A Case of Cavernous Malformation of the Midbrain Removed via an Interhemispheric Transcallosal Subchoroidal Approach

Atsushi KUWANO; Koji YAMAGUCHI; Takayuki FUNATSU; Yosuke MOTEKI; Seiichiro EGUCHI; Isamu MIURA; Momo UCHIDA; Kaname ITO; Tatsuya ISHIKAWA; Takakazu KAWAMATA

doi:10.2176/jns-nmc.2022-0180

Abstract

Cavernous malformations of the midbrain have a higher rate of hemorrhage and a poorer prognosis than vascular malformations of other brain areas. Surgical resection of these lesions is often necessary to avoid neurological deficits in affected patients. Herein, the literature surrounding cavernous malformations was examined, and the case of a 48-year-old man with left hemiparesis and diplopia caused by incomplete right oculomotor nerve palsy, who was diagnosed with a hemorrhage from a midbrain cavernous malformation, was discussed. The lesion expanded gradually on magnetic resonance imaging and was symptomatic; radical removal of the lesion before the onset of irreversible symptoms due to recurring bleeding was therefore considered to be beneficial for the patient. Surgical removal of the entire cavernous malformations of the midbrain was performed using an interhemispheric transcallosal subchoroidal approach, with excellent postoperative results and complete recovery from the oculomotor nerve palsy and left hemiparesis. This case shows that this approach is the most appropriate for surgical resections of lesions in the upper midbrain.

Introduction

Cavernous malformations of the brainstem (CMBS) have a higher hemorrhage rate and poorer prognosis compared to cavernous malformations of other brain regions.¹^,²⁾ In symptomatic CMBS as well as cases with increasing lesion size, treatment via resection and gamma knife radiosurgery (GKRS) is considered.³⁾ When considering direct surgery for CMBS, several important factors must be considered in an attempt to avoid neurological deficits as a consequence of CMBS's trajectory. First, the lesion must be approached from the safe entry zone, and, second, the lesion must be approached from the region where it is most exposed to the surface of the brainstem.

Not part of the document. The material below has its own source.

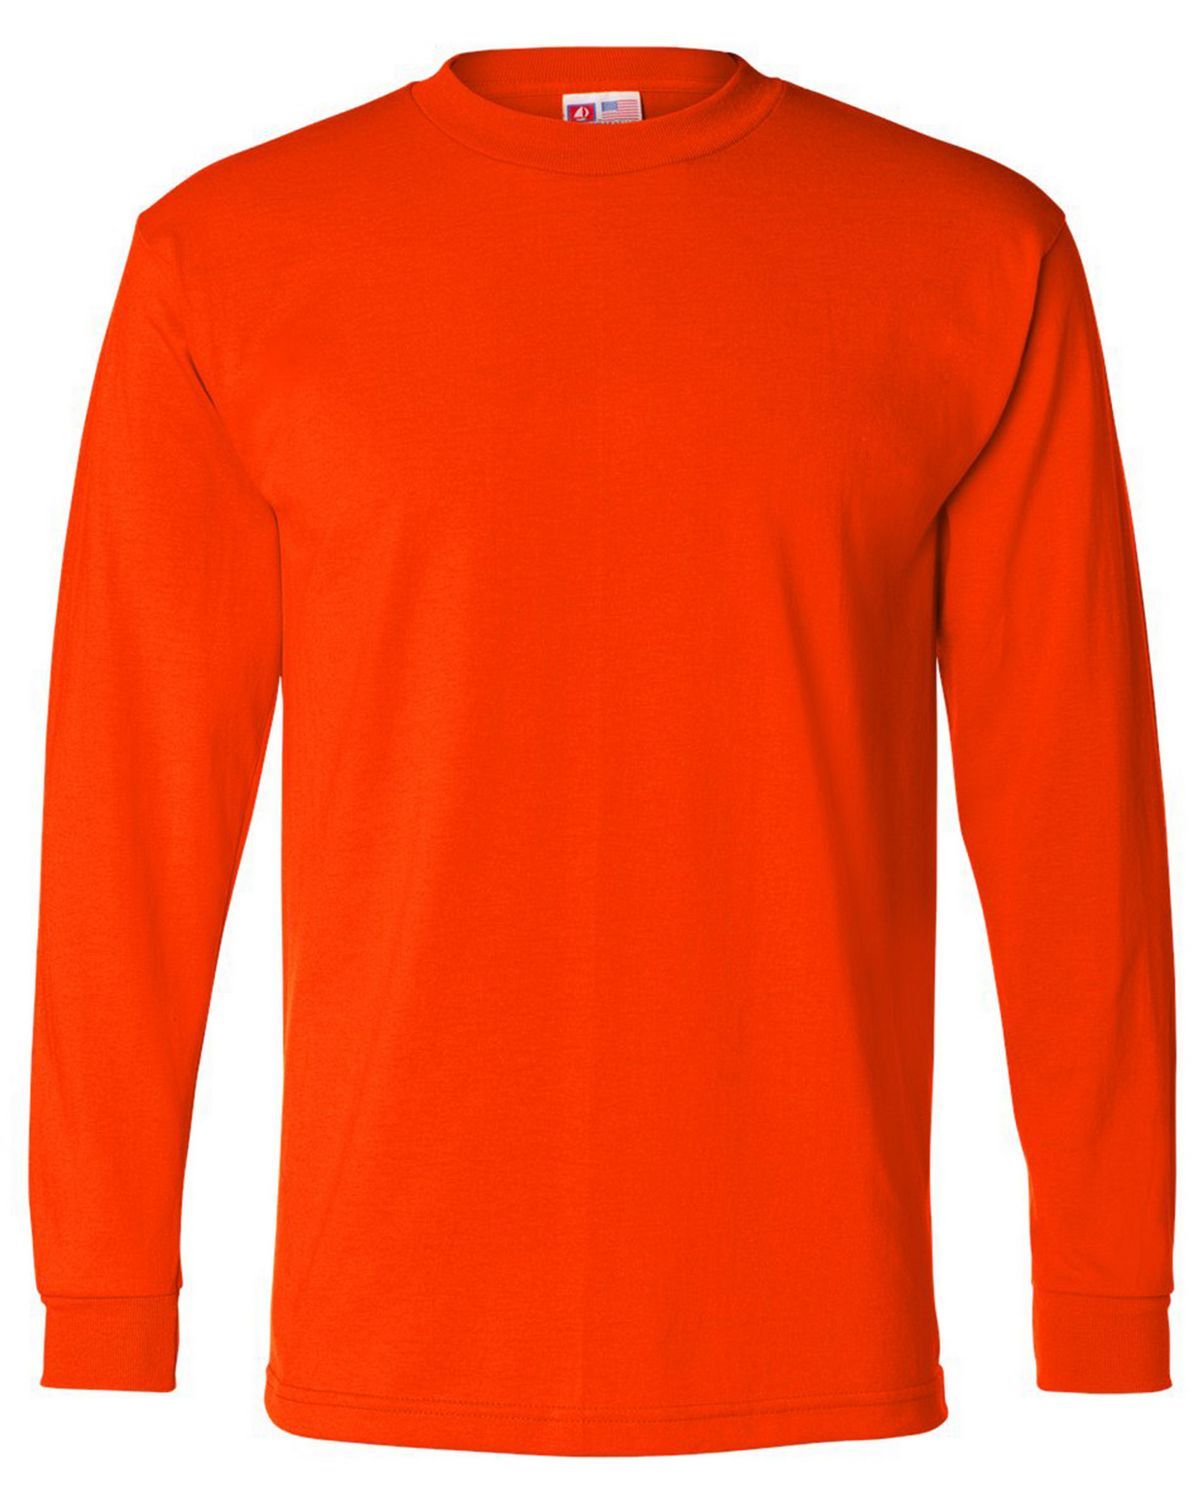 Bayside 1715 USA-Made 50/50 Long Sleeve T-Shirt - Free Shipping Available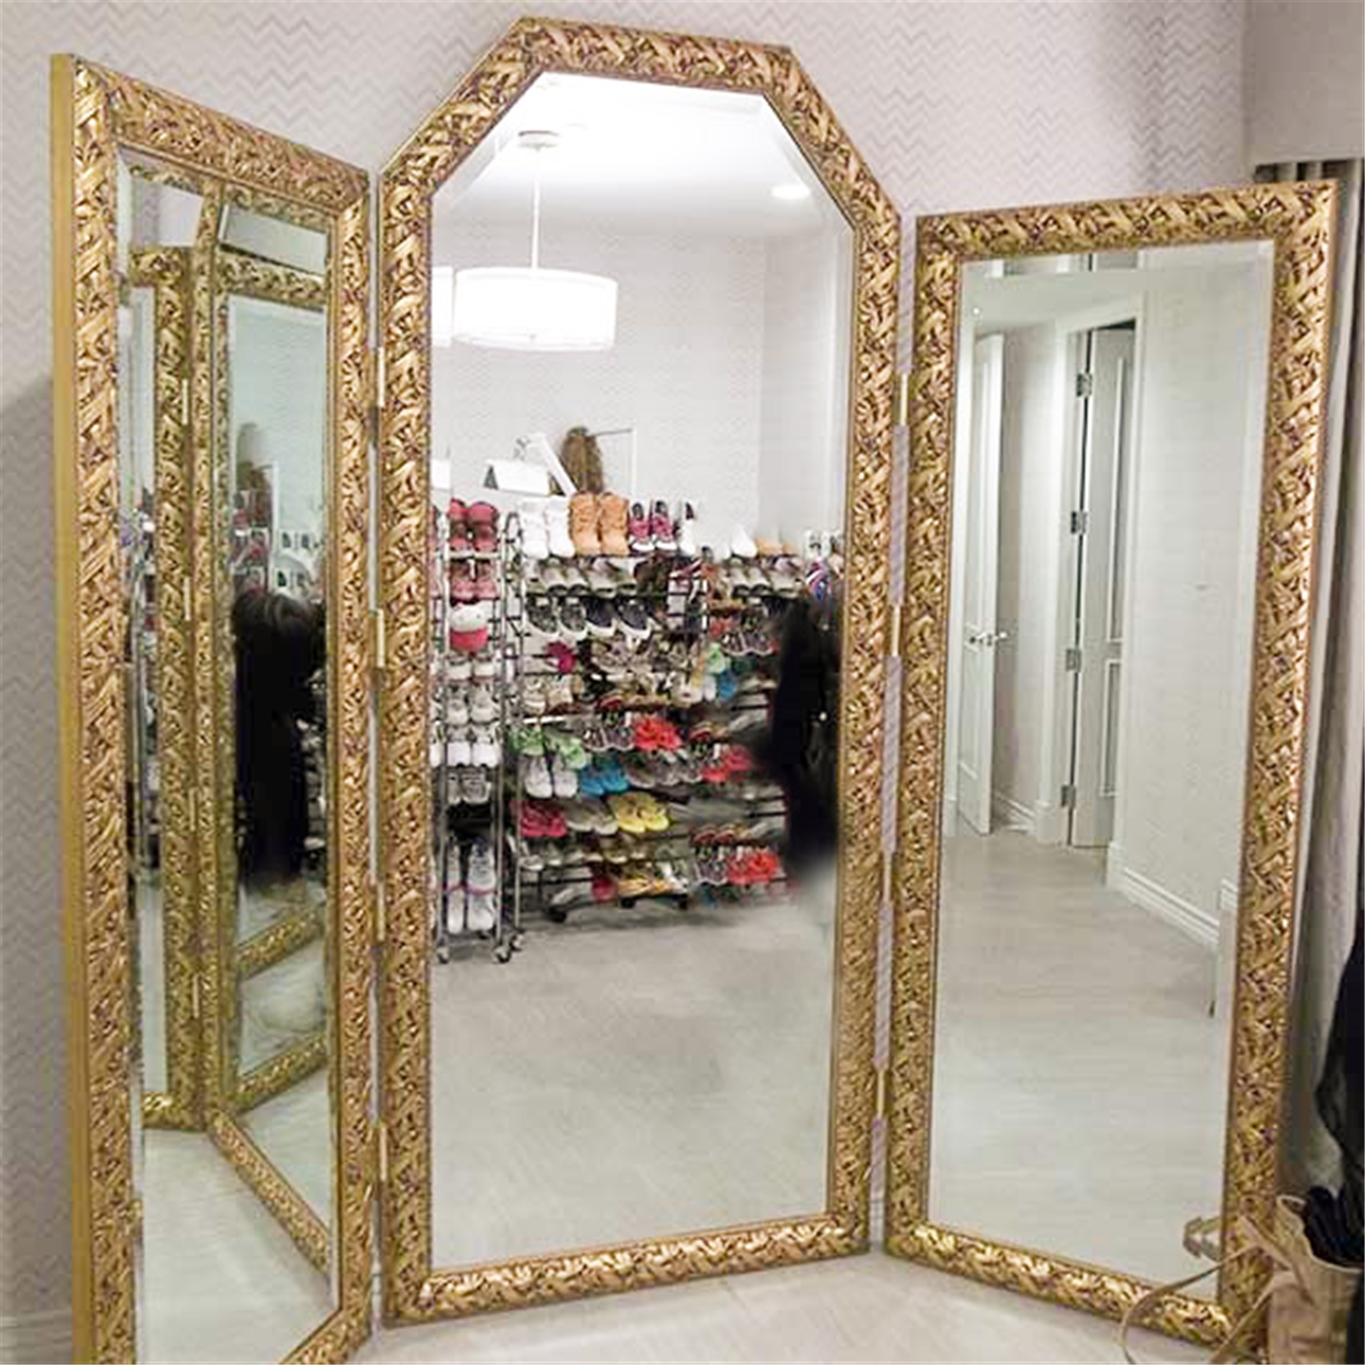 WM1624 - Very Ornate - Gold, Silver & Red - Custom 3 Panel Mirror

This is termed the two-point method.⁴⁾ Herein, a case of symptomatic CMBS that was removed via an interhemispheric transcallosal subchoroidal approach based on the two-point method is reported, and an excellent postoperative course, accompanied by a review of the associated literature, is shown.

Case Report

History of present illness

A 48-year-old man suffering from diplopia as a result of incomplete right oculomotor nerve palsy was diagnosed with a hemorrhage of a midbrain cavernous malformation (CM). The patient was subsequently referred to the department of the current study for further investigation and treatment.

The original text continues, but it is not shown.